A recent initiative of Christian Lindner on cooperation with Russia caused a lot of noise. However, he actually suggested something self-evident: we in any case should not abandon the dialogue with Russia.
We again managed to escape. After all, in the Netherlands, Austria or France forces, intending to send the EU “to the dustbin of history,” remained in the minority. In the UK it was different, however, the upcoming Brakcet demonstrated to the French the real value of Europe. Emmanuel macron is the personification of the new wave: in the evening after his election victory he joined his cheering supporters to the sounds of the European anthem and stated that he is interested in a strong EU, and in close partnership with Germany. The young President at the Elysee Palace revealed that, speaking for a United Europe, you can win. Take another look at the integration of our continent along with PACSICOM” made the controversial statements of the American President. It became obvious that if the US shumoizolyatsiya, our unity will be even more important. The time has come when many former skeptics once again appreciate Europe.
Brakcet whatever regrets he may have caused in economic terms, gives a chance to “restart” a common foreign and security policy. The EU is located strategically in an extremely difficult environment: Russia and Ukraine, Turkey, Syria, Egypt and the African continent in fact, are we “on the verge”. And political circles in these countries or aggressive and authoritarian or chaotic and are at risk. In some places there are “mixed” with elements of both. At the same time a clear three points: first, in the EU there is no state, which, by the above-mentioned environment could achieve success alone; secondly, Europe faces the challenge to incorporate at least partial “rejection” of the US in maintaining stability in our strategic environment; and third, we need to get rid of illusions that the rest of the world will soon become like Europe.

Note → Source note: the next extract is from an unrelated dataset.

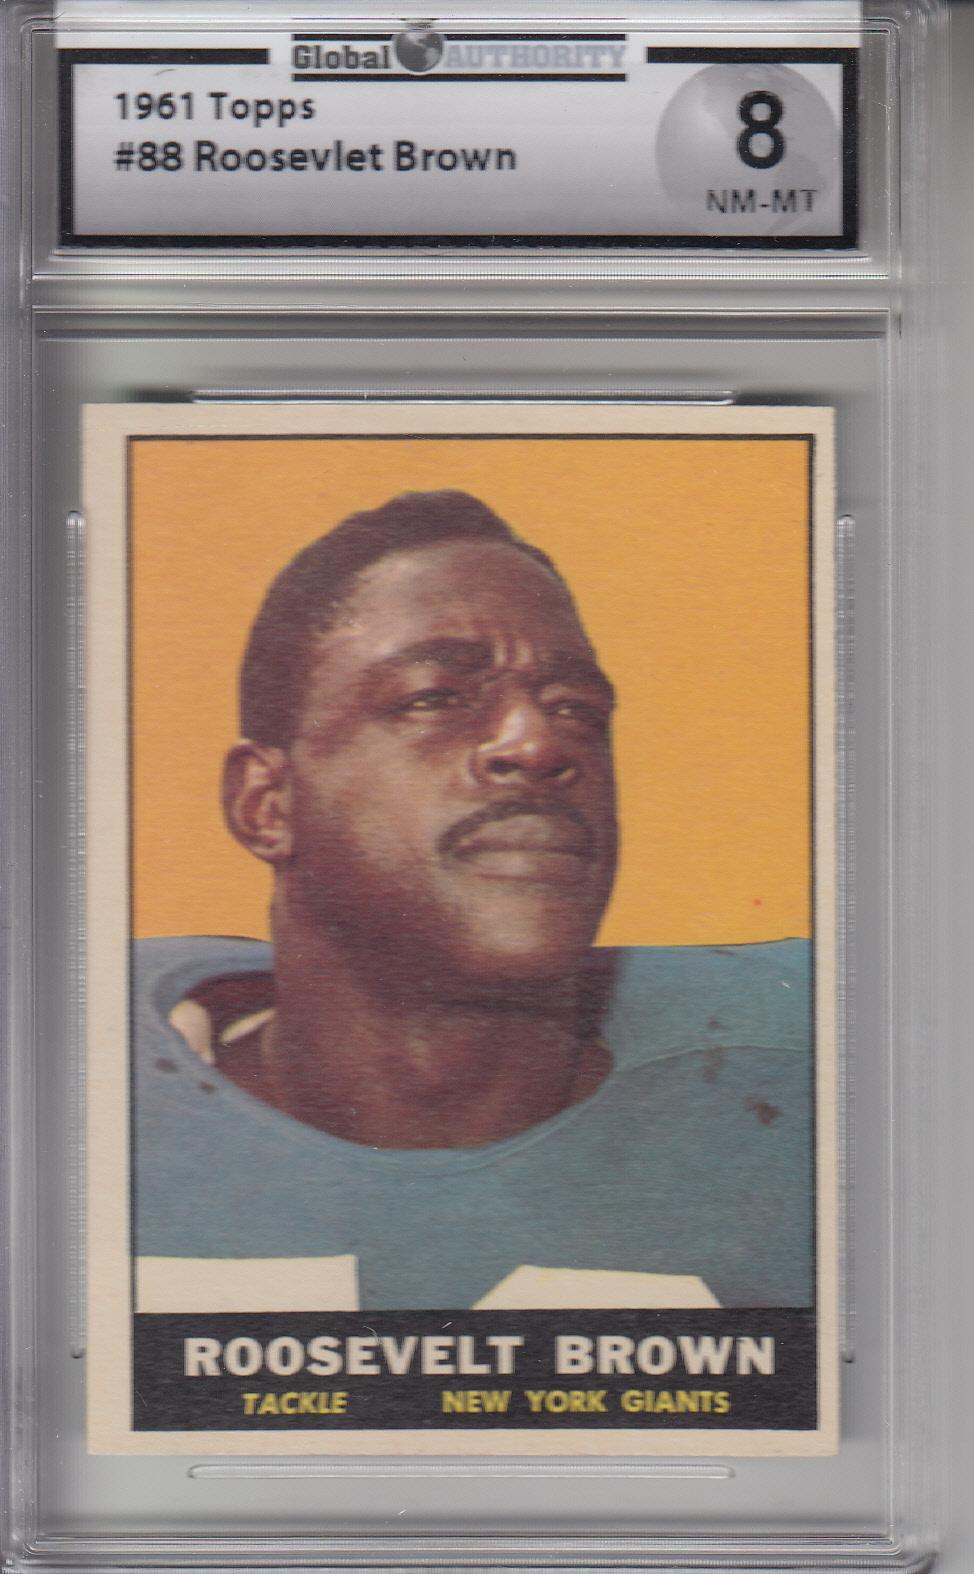 1961 Topps #88 Roosevelt Brown GIANTS GAI 8 NM-MT Z20443
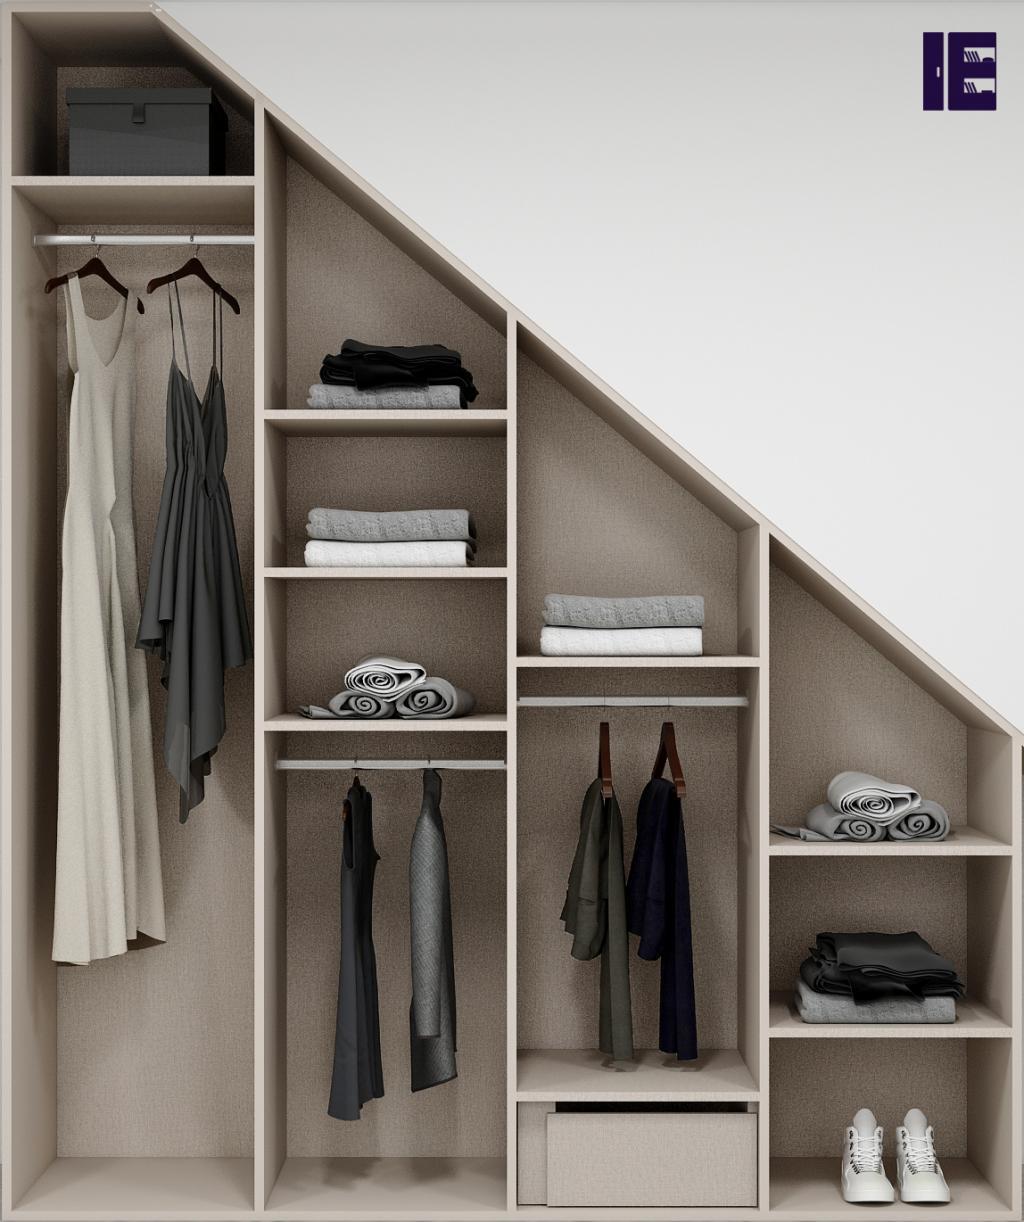 Wardrobe with Shoe Rack Top of Wardrobe Storage Internal Wardrobe 9 Image

Rigidity is nowadays almost as important as the ability to dialogue. Soon to be its rigidity, it is enough to point to the transatlantic relationship. In part, this can be done now because, despite fair criticism of the US President, we can’t forget that part — and voluntary — dependent on America. In addition, Europe needs to act more actively using its diplomatic potential, but not forgetting to maintain their own armed forces. This also applies to Germany, which after the international security conference in Munich 2014 seems to have made the first steps in this direction, but at the moment, forced to witness the candidate in chancellors from the SPD, which broke the “Munich consensus” and instead says the arms build-up, and we are talking about is to provide the Bundeswehr with suitable equipment. The situation with the search for opportunities for dialogue are still ticklish. Reaction to absolutely the right call Christian Lindner not to exclude Russia from international cooperation, despite contrary international law the annexation of Crimea has led to a sort of “mixture” of the intentional differences and honest excitement. While Lindner said only what I said even the authorities in Kiev: the quick return of the Crimea to the Ukraine can not count, and that a lot of work using peaceful, diplomatic means. Until then, until that happens, the sanctions will remain in force. But in those areas where Europe and Russia have a common purpose, as, for example, in connection with Iran’s nuclear program or the fight against Islamic terrorism, they must continue to operate.
Turkey has developed a more complex situation. The country for the past many years — and not only after the failed coup in July 2016 — moving further away from Western values. No one believes she’ll ever be able to join the EU. However, the CDU and the SPD in favour of continuing negotiations. The FDP does not want it, because the authoritarian accession of Turkey to the EU would mean the collapse of hopes on the ability of Europe to action. So what is the motive of the European policy of stimulating us. In the foreign policy aspect, however, it is clear that this great and proud country and will remain our neighbor, with whom we need to interact. So call liberal forces to create a fair base for our future relations and to the replacement of the accession negotiations of Turkey to the EU dialogue on this very basis, which would include the whole range of issues ranging from energy policy and the customs Union and to scientific exchanges and other important topics.
The development of the situation in Russia and Turkey along with the “Arab spring” has demonstrated one thing: popular since 1989, the place the idea that the whole rest of the world as it is automatically evolves in the direction of democracy, formation of legal state and market economy have, at least temporarily “freeze”. At the same time, these values must continue to be our “guiding thread”. We need to support pluralism and the development of civil societies, to support the dissidents and the Democrats wherever they are subjected to pressure authoritarian regimes. The “field of tension” European foreign and security policy stretches between our values and what can be done in these areas in the above mentioned neighbouring countries. Cooperation with governments that reject these values, of course, we also can’t give up completely. This, of course, not everyone will like, but the situation is that Germany and Europe can not just up and change the world to your liking, if you refuse this communication. And it namely this: the very essence of the foreign policy of the XXI century is to defend our liberal values and interests wherever possible.